I tried passing ‘y’ as both shape (N, ) and (N, 1) where N is the number of samples and each value is an integer in range (0,4) and range (1,5) [5 classes in my data]. And I get the same error in each situation. What am I missing?

range(0,4) should work. What’s the size of your embeddings? Make sure that you’re including the 0 (max(range)+1). If your C isn’t 5 in the embedding then that’s likely your issue.

Thanks. This is how I decide my embeddings size:
emb_szs = [(c, min(50, (c+1)//2)) for _,c in cat_sz]

I’m not sure what you mean by “If your C isn’t 5 in the embedding then that’s likely your issue”, since isn’t the c for the embedding size different from the number of classes I’m trying to identify? I thought the C in the embedding size is just a function of how many different categories that specific category had.

The model does run without error if I change the loss to mse_loss and the target to np.float32, which obviously that is not the best way to do classification. But, that does run…
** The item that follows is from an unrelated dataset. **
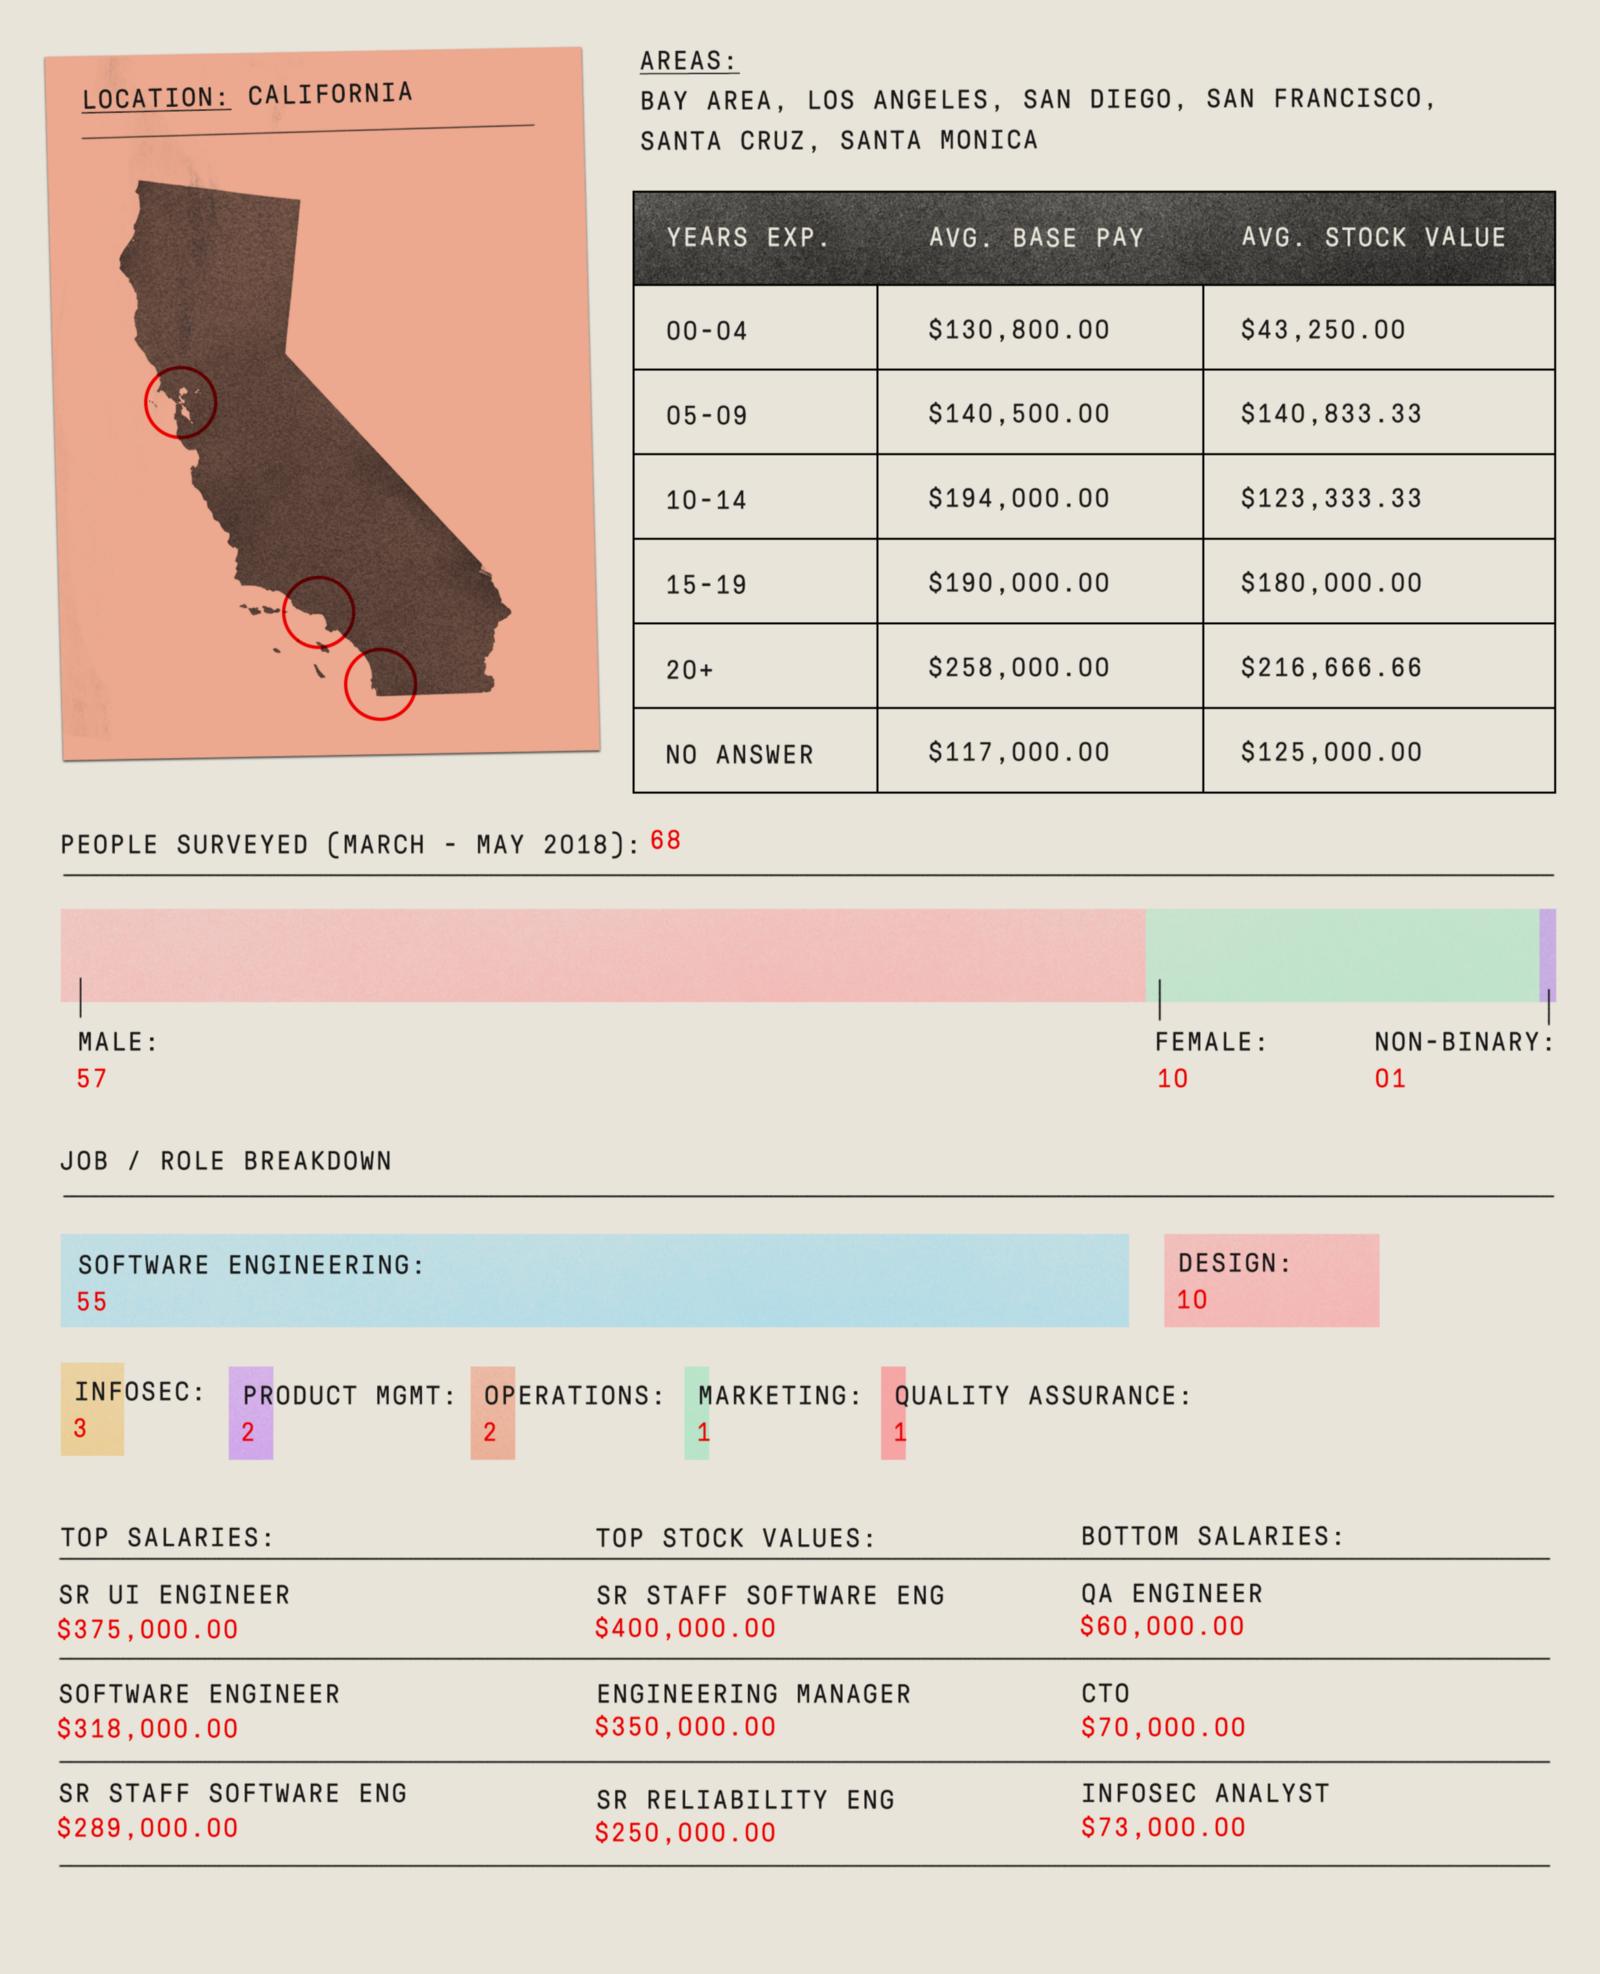 Данные по зарплатам в Калифорнии
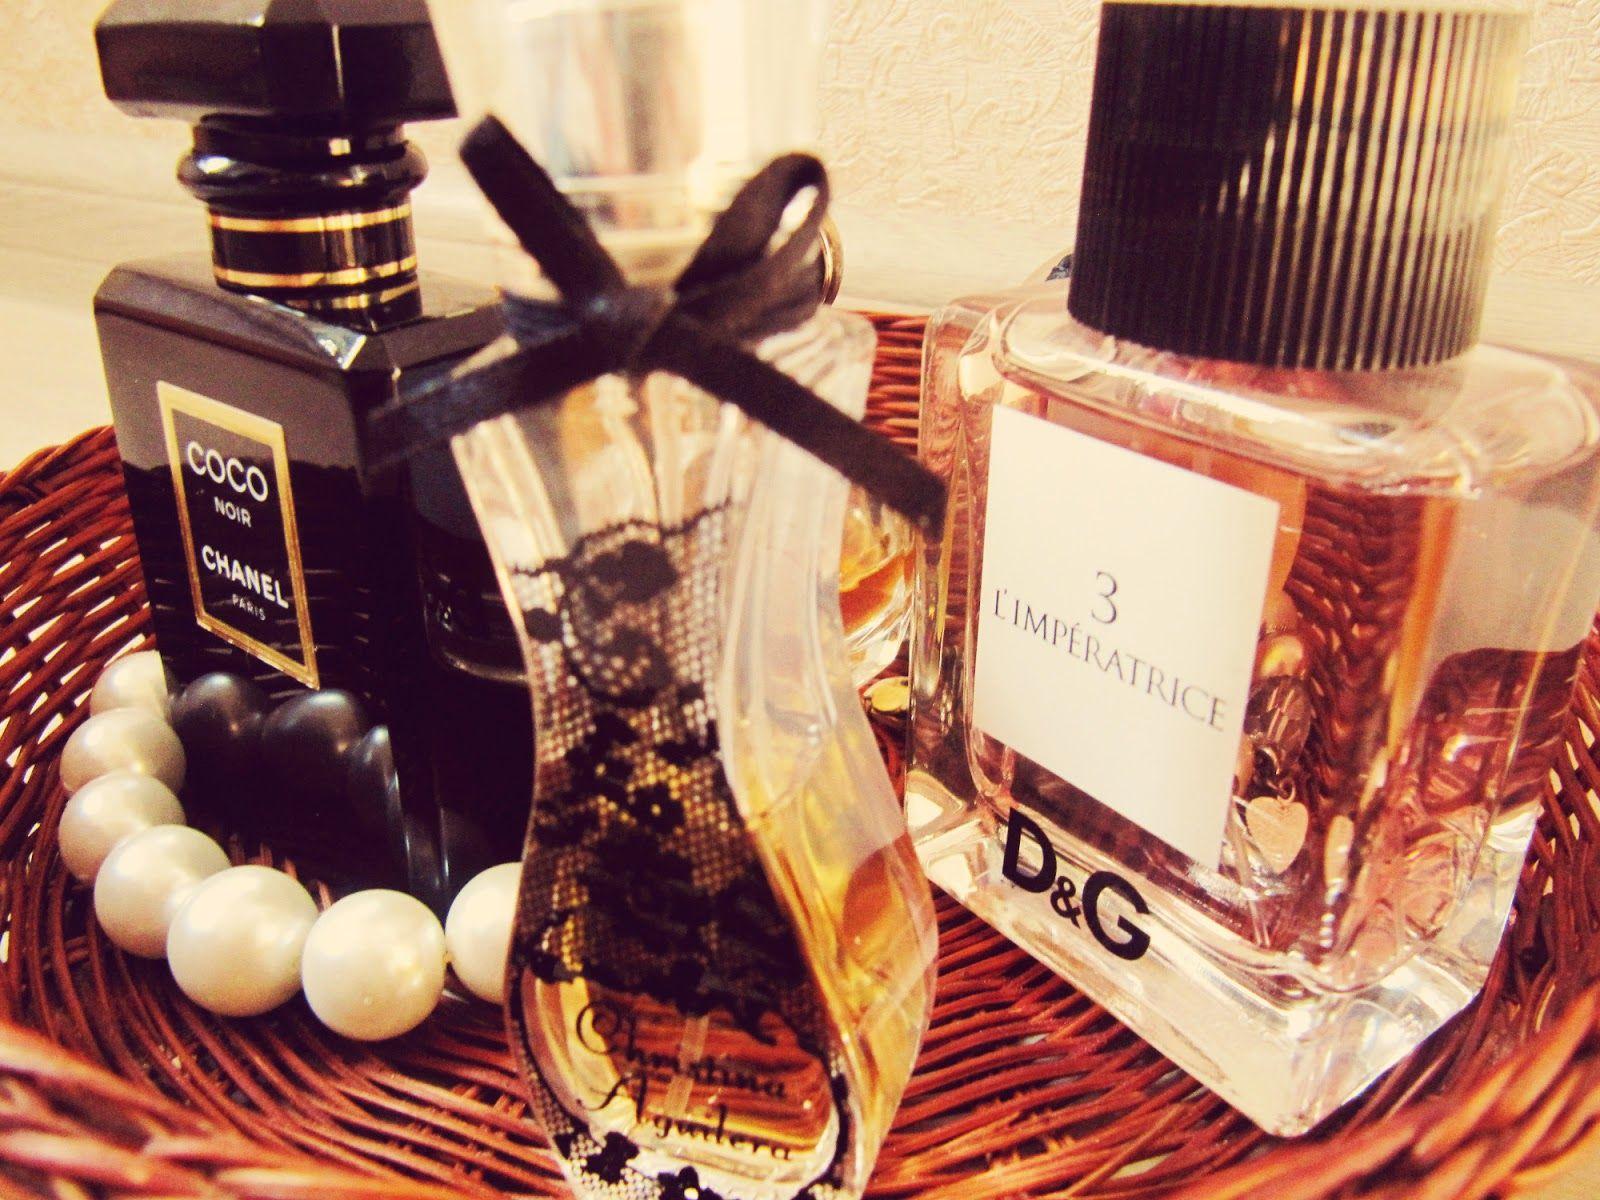 أفضل عطور الماجد للعود النسائية والرجالية الأنواع الجديدة 2020 موسوعة Perfume Perfume Bottles Fitness Beauty

Looking at your example above you are using MultiLabelSoftMarginLoss. From looking at Pytorch documentation this requires one hot encoding of the target, as compared to NLL_Loss, which requires a (N,C) shape. Have you tried with a simple NLL_Loss function, I have no problem getting this to work using the latest version of the column_data.py, which lets you define classification instead of regression, and then uses NLL_Loss. The target can be supplied to the model data as an simple integer array.

Apologies if the example above is out of date, please ignore if that is the case.